At the ribbon-cutting for the new Richelieu Foods plant in Wheeling, Gov. Bruce Rauner and Rep. Robert Dold scored political points with a new employer.
"Every day in our administration we're working hard to recruit great companies like Richelieu to grow and invest here," Rauner said.
"Our advantages in terms of top quality talent and a workforce was one of the big attractions to come to the 10th District," Dold said.
Richelieu - which makes frozen pizzas, salad dressings and sauces - gets a Cook County property tax break to repurpose the 115,000-square-foot building vacated in 2013 by the Orval Kent Food Company.
"When the Wheeling facility is fully operational by the end of the year we will have just north of a hundred employees at the facility," said Tim O'Connor, Richelieu Foods.
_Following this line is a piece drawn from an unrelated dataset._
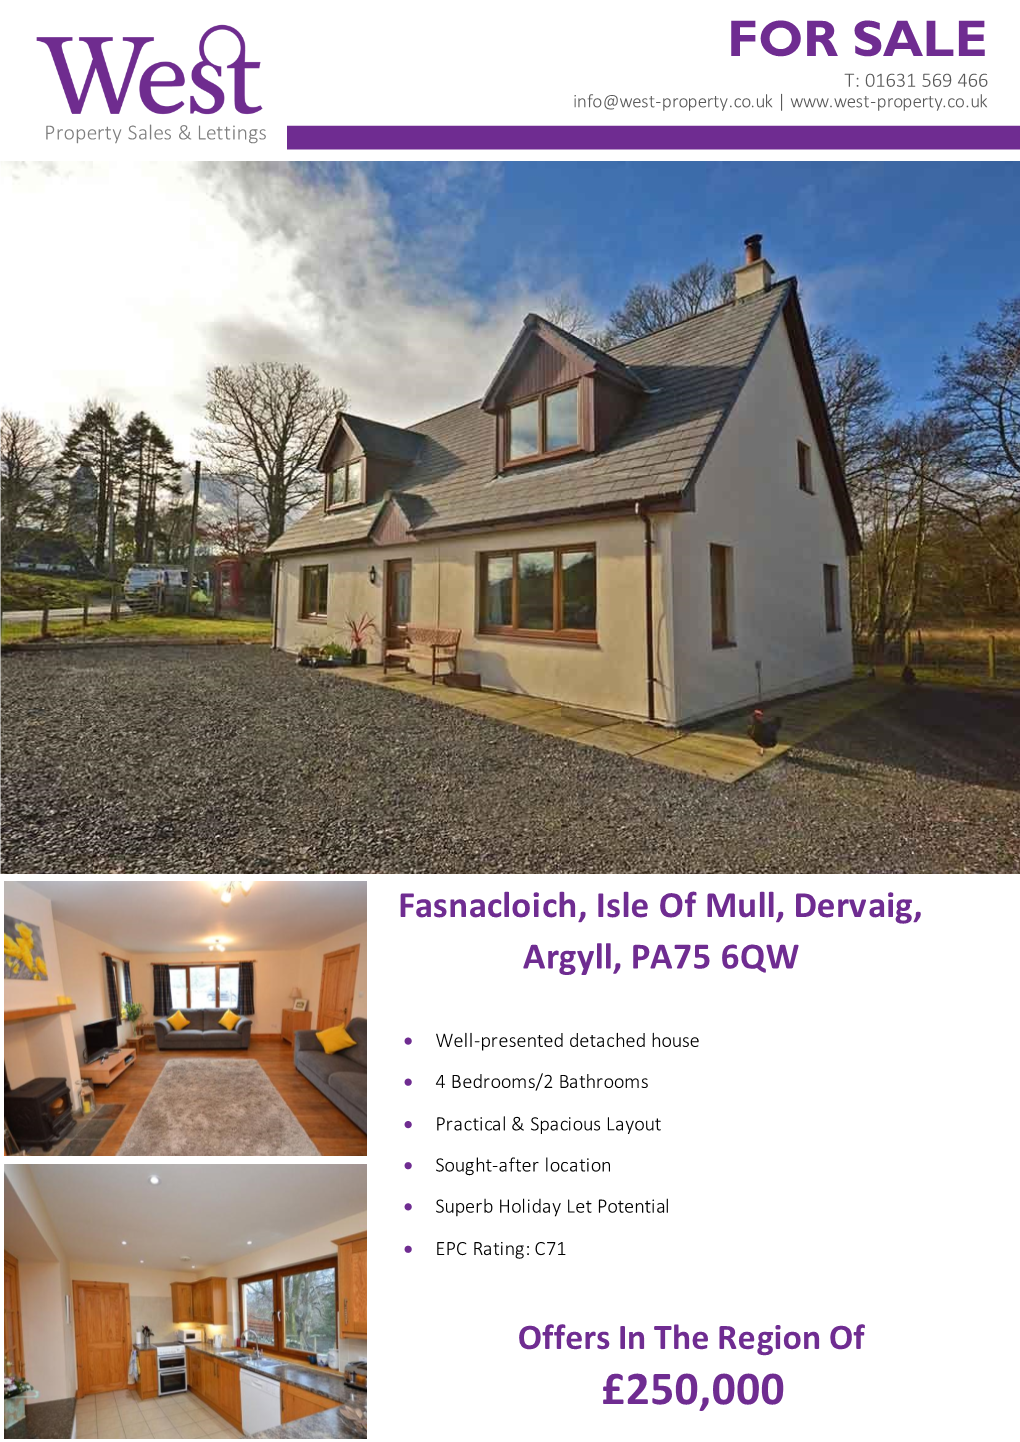 FOR SALE Fasnacloich, Isle of Mull, Dervaig, Argyll, PA75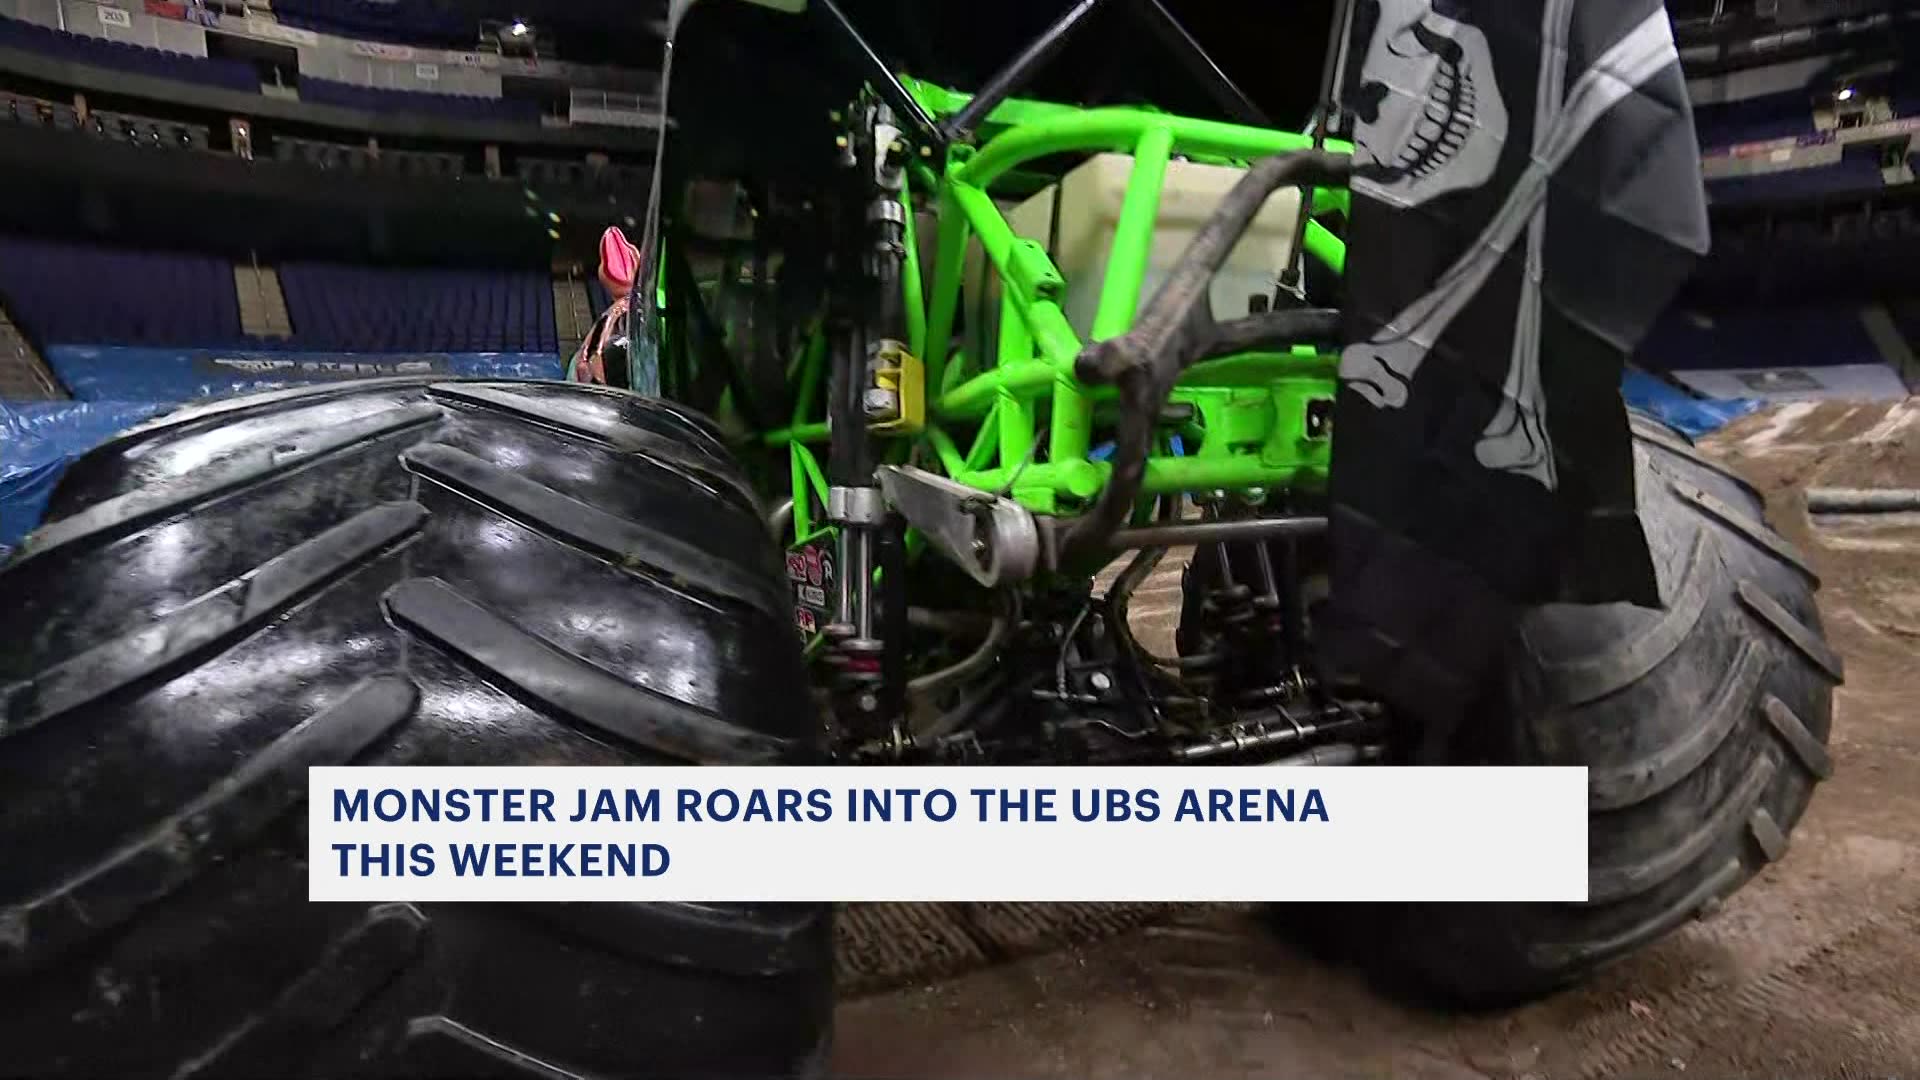 Monster Jam set to roar into UBS Arena this weekend

"I think we can do more of selling ourselves rather than selling ourselves short," said State Rep. Elaine Nekritz.
Nekritz - one of the Democrats at the ribbon-cutting - aimed her comment at Rauner, who has spent much of his first term criticizing the state's business climate. Nekritz said companies like Richelieu will respond if Illinois does a better job selling itself.
"A lot of states take advantage of the fact that they can point the finger at us and say 'see how bad they are'. Again, we need to do better but we also need to do better at promoting ourselves," Nekritz said.
But the governor warned that announcements like this do not happen often enough.
"We should have far more. Too often, when we have a good announcement we also have announcements of folks leaving or moving to another state," Rauner said.
Rauner has not relented on his remaining turnaround agenda points, which include property tax relief and workers compensation reform. By the way, there are big signs outside the Wheeling plants saying there are still jobs available.